Magic Scrolls (roll 1d12)
Anyone can read a magic scroll if they know the language it's written in.  In the case of a holy or unholy scroll, the reader must also at least partially share the same alignment as the deity to whom the scroll is dedicated.
1: Rebuke!/Backlash!  No magical effect, scroll crumbles into dust, and reader suffers one wound
2: Mis-read! No magical effect happens but you can try reading the scroll again later
3 - 11: Praise and Glory!/Shazam! It worked!

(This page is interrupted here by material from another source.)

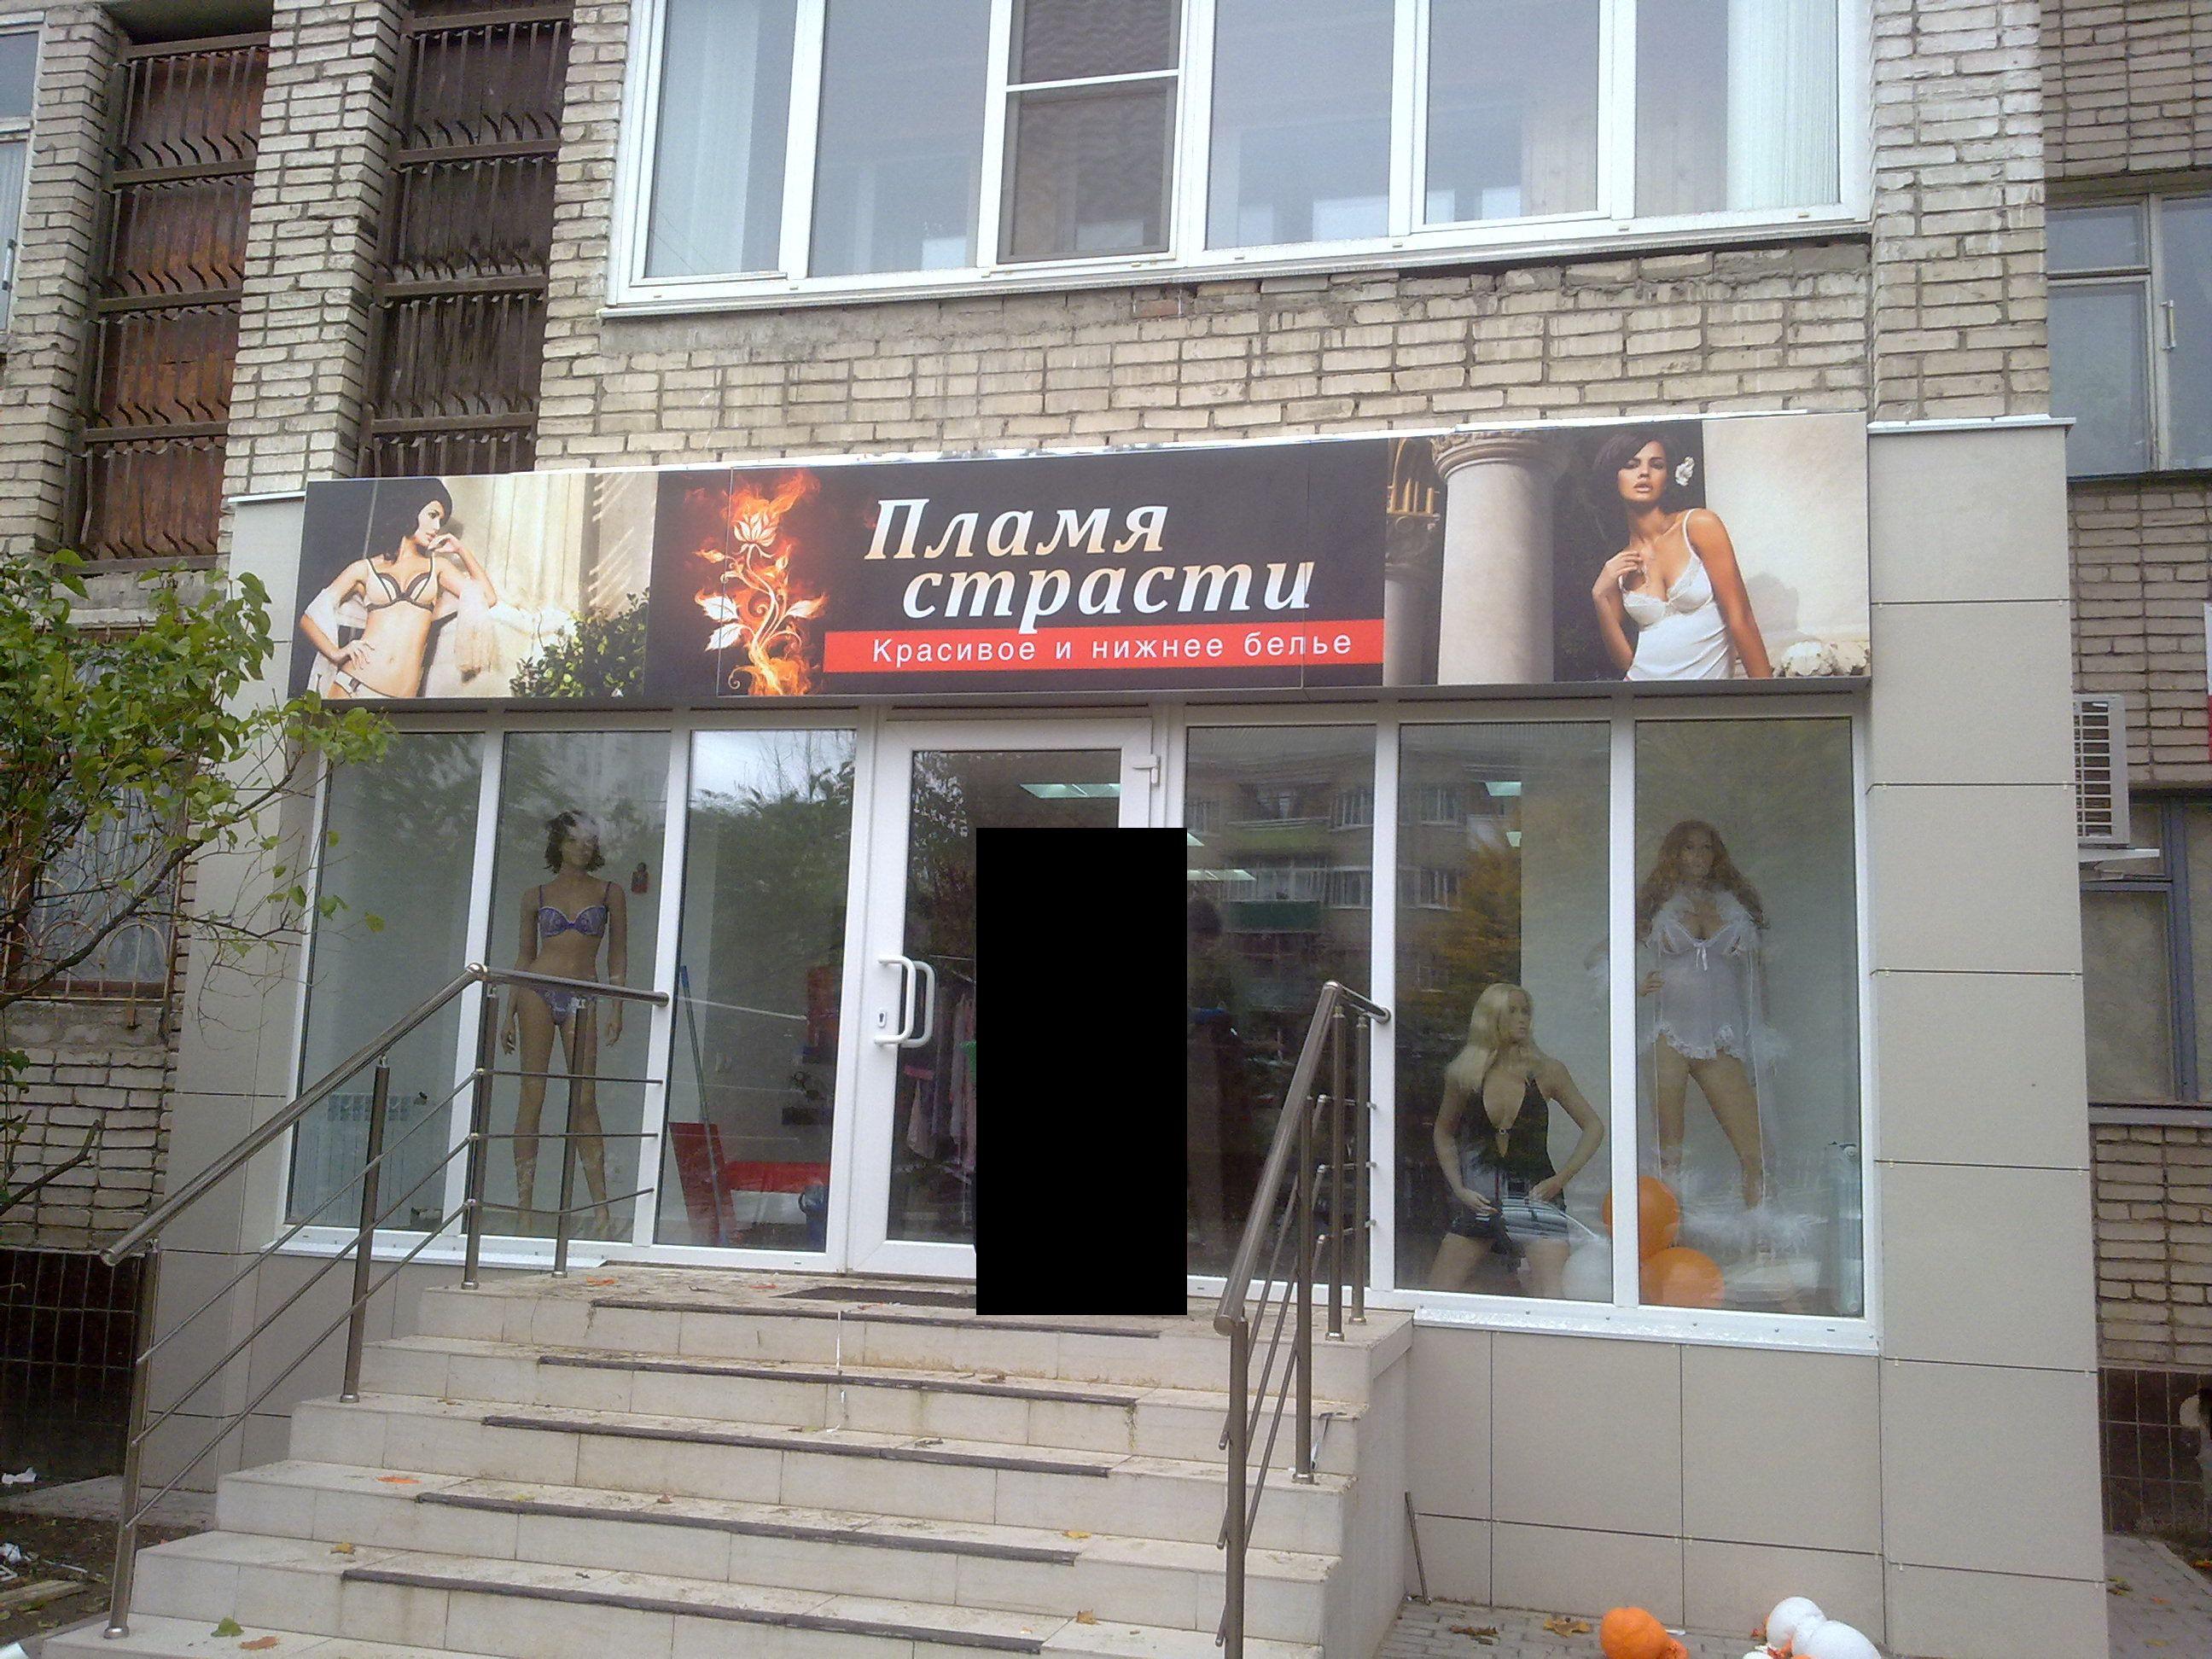 magazin-intim-tovarov-spb
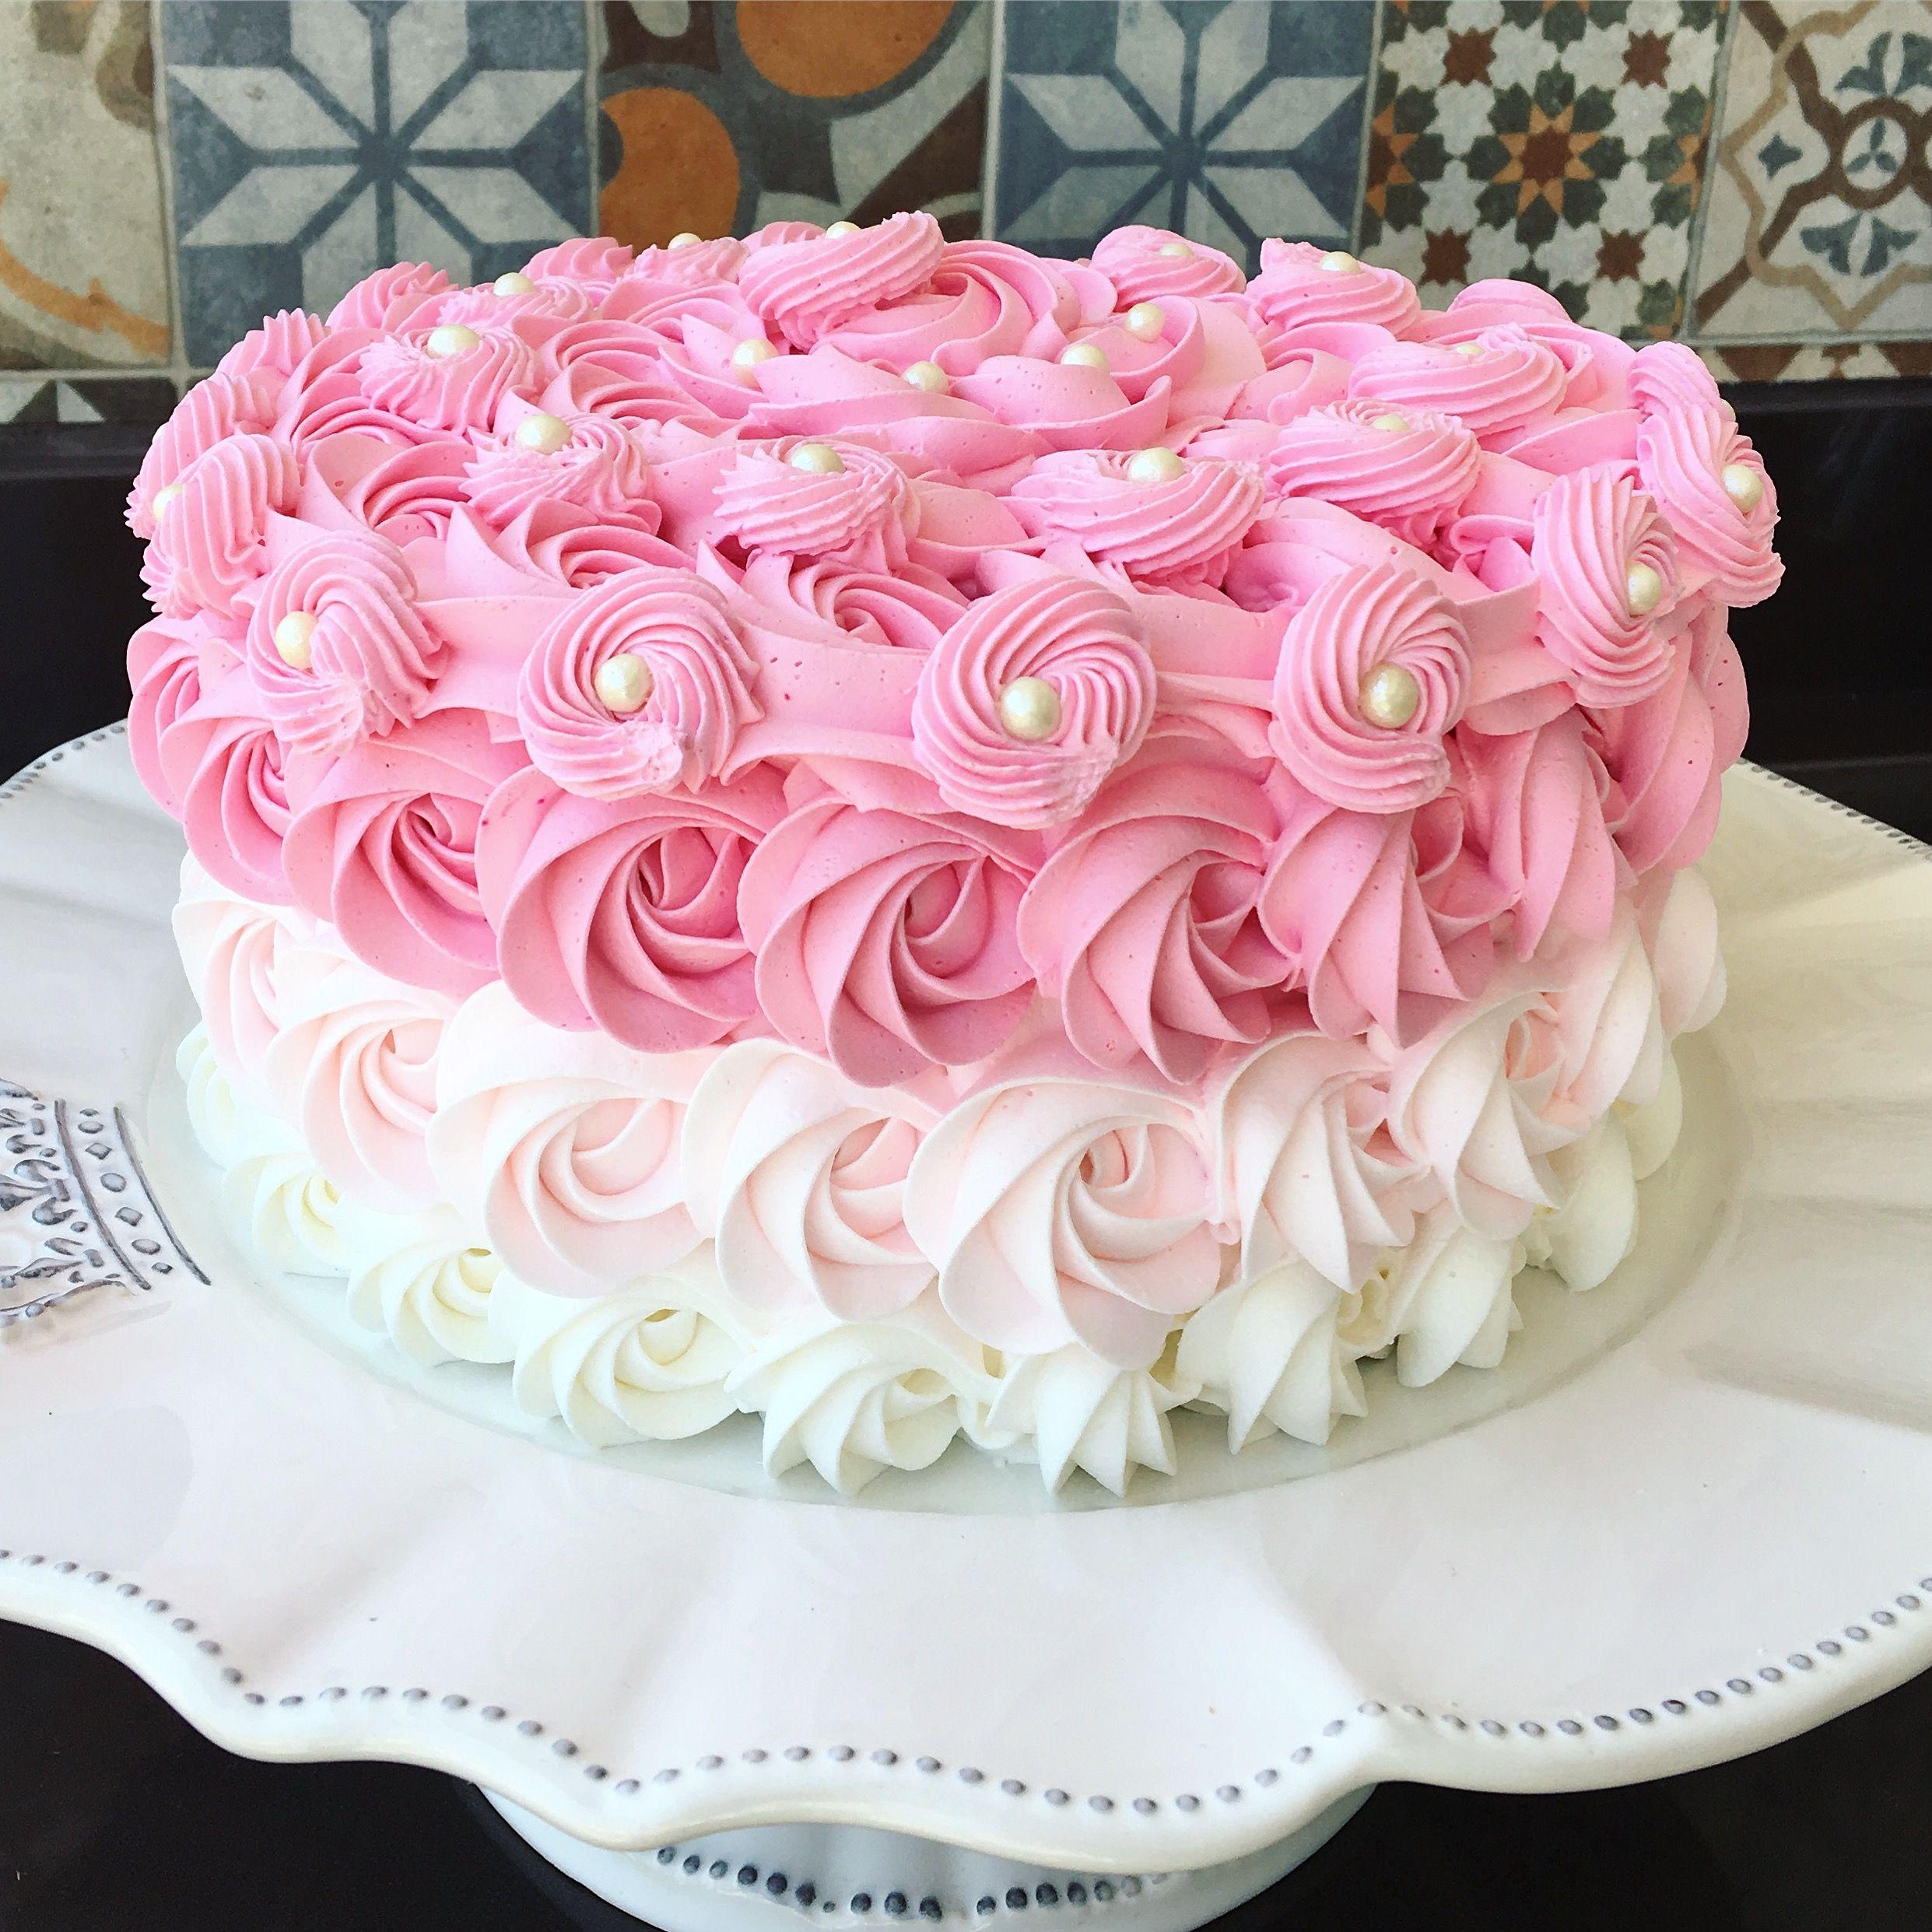 цеткин, торты масляные на день рождения фото их, когда захотите

12: Mana Rush!  Magical effect works and reader  gains 1 Awesome Point

Magic Casting (roll 1d12)
1: Rebuke!/Backlash!  Casting fails, the spell is expended, and caster suffers one wound
2: Botched! Casting fails, but the spell is not expended and you may cast it again later
3 - 11: Praise and Glory!/Shazam! It worked!
12: Mana Rush!  Magical effect works and caster gains 1 Awesome Point

Conversion to typical D&D values:
  • for the damage, use 1d4 points of damage per level of the spell
  • for the Mana Rush either: add Awesome Points (or Hero Points, etc.) to your game, have the person gain 1d6 temporary hit points, or allow the scroll or spell to be cast normally.